Title

International Multicentre Study in Advanced Anal Cancer Comparing Cisplatin Plus 5 FU vs Carboplatin Plus Weekly Paclitaxel
An International Multicentre Open Label Randomised Phase II Advanced Anal Cancer Trial Comparing Cisplatin Plus 5 FU vs Carboplatin Plus Weekly Paclitaxel in Patients With Inoperable Locally Recurrent or Metastatic Disease
  • Phase

    Phase 2
  • Study Type

    Interventional
  • Status

    Unknown status
  • Study Participants

    80
Anal cancer is a relatively uncommon disease and there is currently no standard chemotherapy treatment for patients with inoperable locally recurrent or metastatic disease. The aim of this phase II study is compare two well known and largely used chemotherapy regimens - Cisplatin plus 5-fluorouracil vs Carboplatin plus Paclitaxel. The result of this study will set a standard of care for this disease and provide useful information for future Phase III trials.
Study design: This is an international, multicentre, open label, randomised phase II trial. Patients will be randomised to receive either cisplatin plus 5-FU or carboplatin plus weekly paclitaxel. Region (Europe, North America, South America & Australia), (Eastern Cooperative Oncology Group- ECOG) ECOG performance status (PS) (0-1 vs. 2), HIV status (positive vs. negative) and extent of disease (locally recurrent vs. metastatic) will be used as stratification factors. Overall response rate is the primary endpoint.
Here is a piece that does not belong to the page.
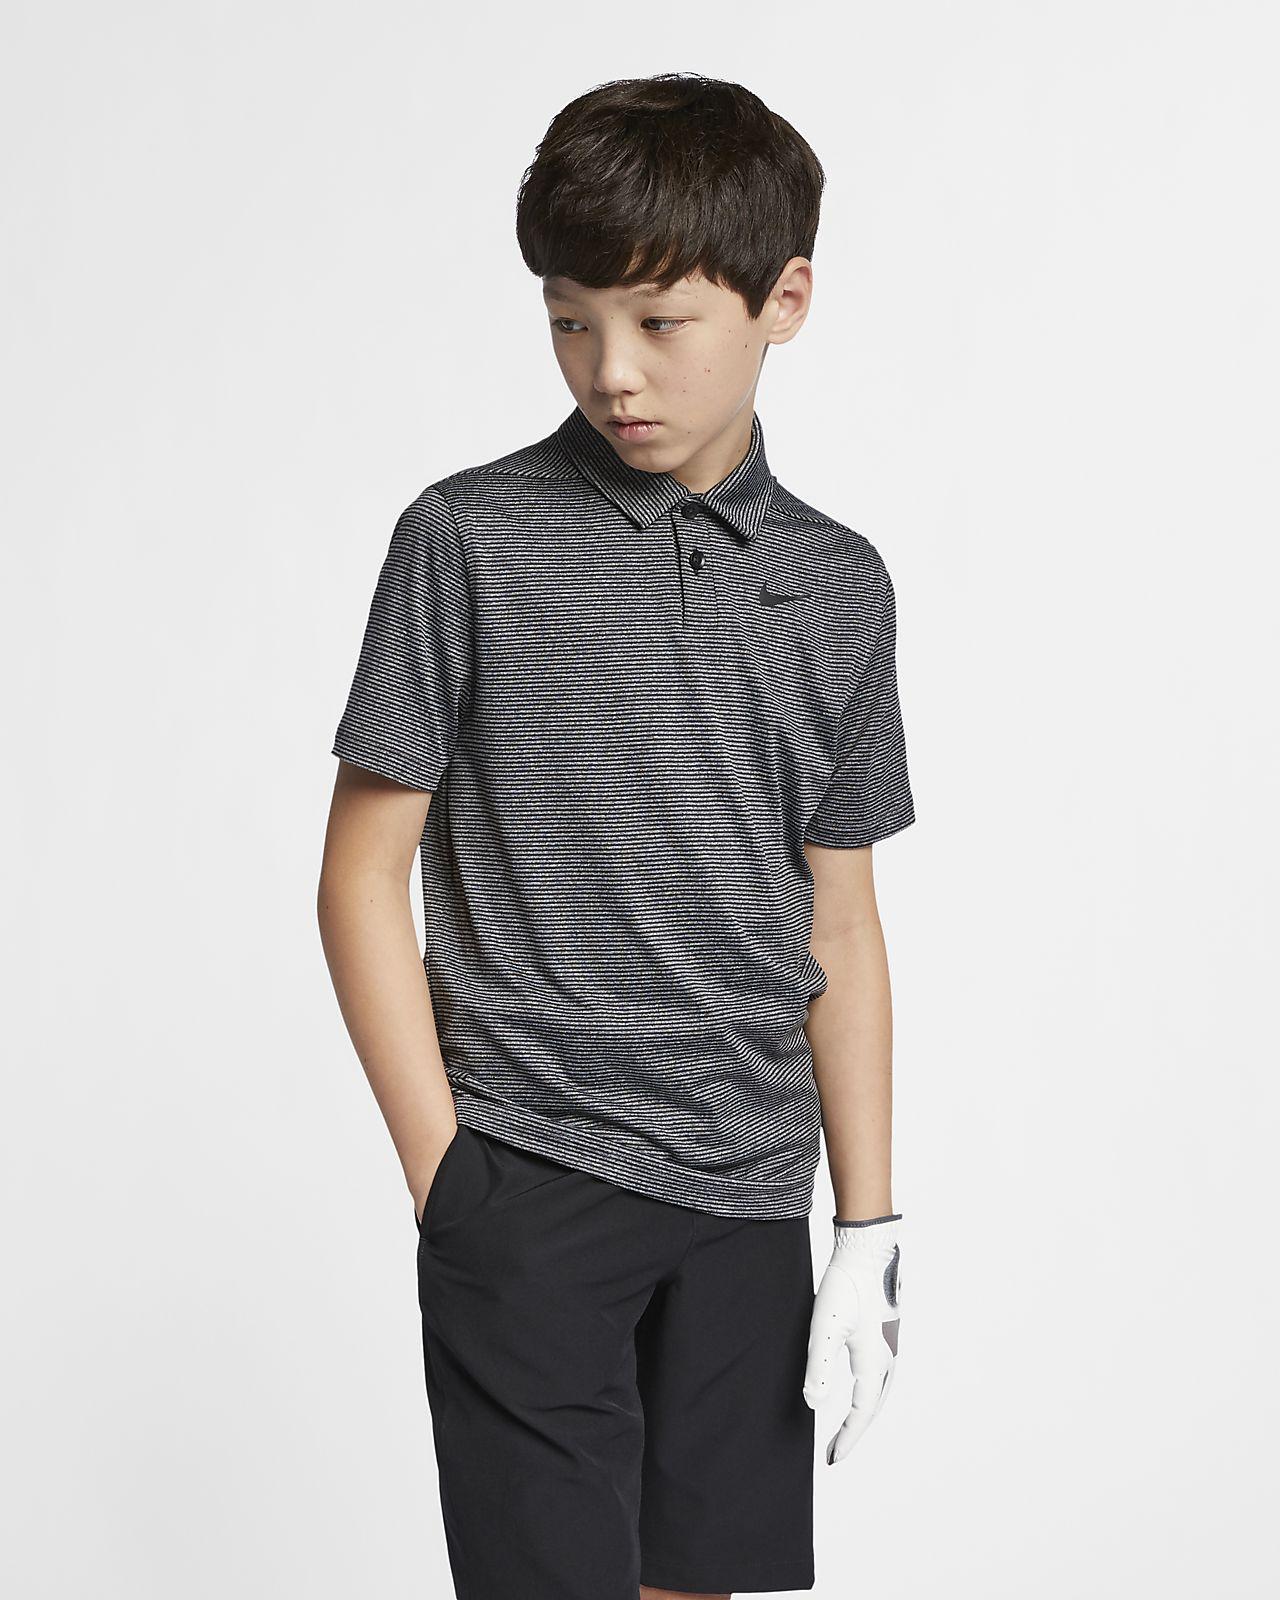 Nike Dri-FIT Polo a ratlles de golf - Nen

Indication: First line treatment of patients with inoperable locally recurrent or metastatic squamous cell carcinoma of the anus.

Length of study: Recruitment should be completed within 3 years. The estimated recruitment rate is between 4-6 patients per month once it is established at multiple centres.

Primary Objective: To evaluate best overall response rate by 24 weeks post treatment in the cisplatin plus 5-fluorouracil arm versus the carboplatin plus weekly paclitaxel arm

Secondary Objectives: To evaluate: - Progression-free survival - Overall survival - Disease control rate (stable disease or better) at 12 and 24 weeks - Best overall response of metastatic lesions - Toxicity (graded according to the National Cancer Institute Common Terminology Criteria for Adverse Events (NCI CTCAE Version 4) - Quality of Life (using EORTC QLQ-C30 version 3 and EQ-5D-5L questionnaires).

To assess: The feasibility of conducting a multicentre international study on squamous cell carcinoma of the anus and recruit within a reasonable time frame.

Exploratory Objective: Explorative biomarker analysis including the collection of archived tumour tissue and blood sample at baseline and upon progression.
Study Started
Dec 31
2013
Primary Completion
Aug 31
2017
Anticipated
Study Completion
Feb 28
2018
Anticipated
Last Update
Nov 04
2015
Estimate

Drug Cisplatin

Cisplatin 60 mg/m2 as a 1 hour i.v. infusion once every 3 weeks.

  • Other names: Systematic (IUPAC) name: (SP-4-2)-diamminedichloridoplatinum, CAS number 15663-27-1 Y, ATC code L01XA01

Drug 5-Fluorouracil (5-FU)

5-FU 1000 mg/m2/24h as a 96-hour continuous infusion over days 1 to 4 every 3 weeks.

  • Other names: Systematic (IUPAC) name: 5-fluoro-1H,3H-pyrimidine-2,4-dione, CAS number 51-21-8 Y, ATC code L01BC02

Drug Carboplatin

Carboplatin 1-hour i.v. infusion to an area under the curve (AUC) of 5 once every 4 weeks.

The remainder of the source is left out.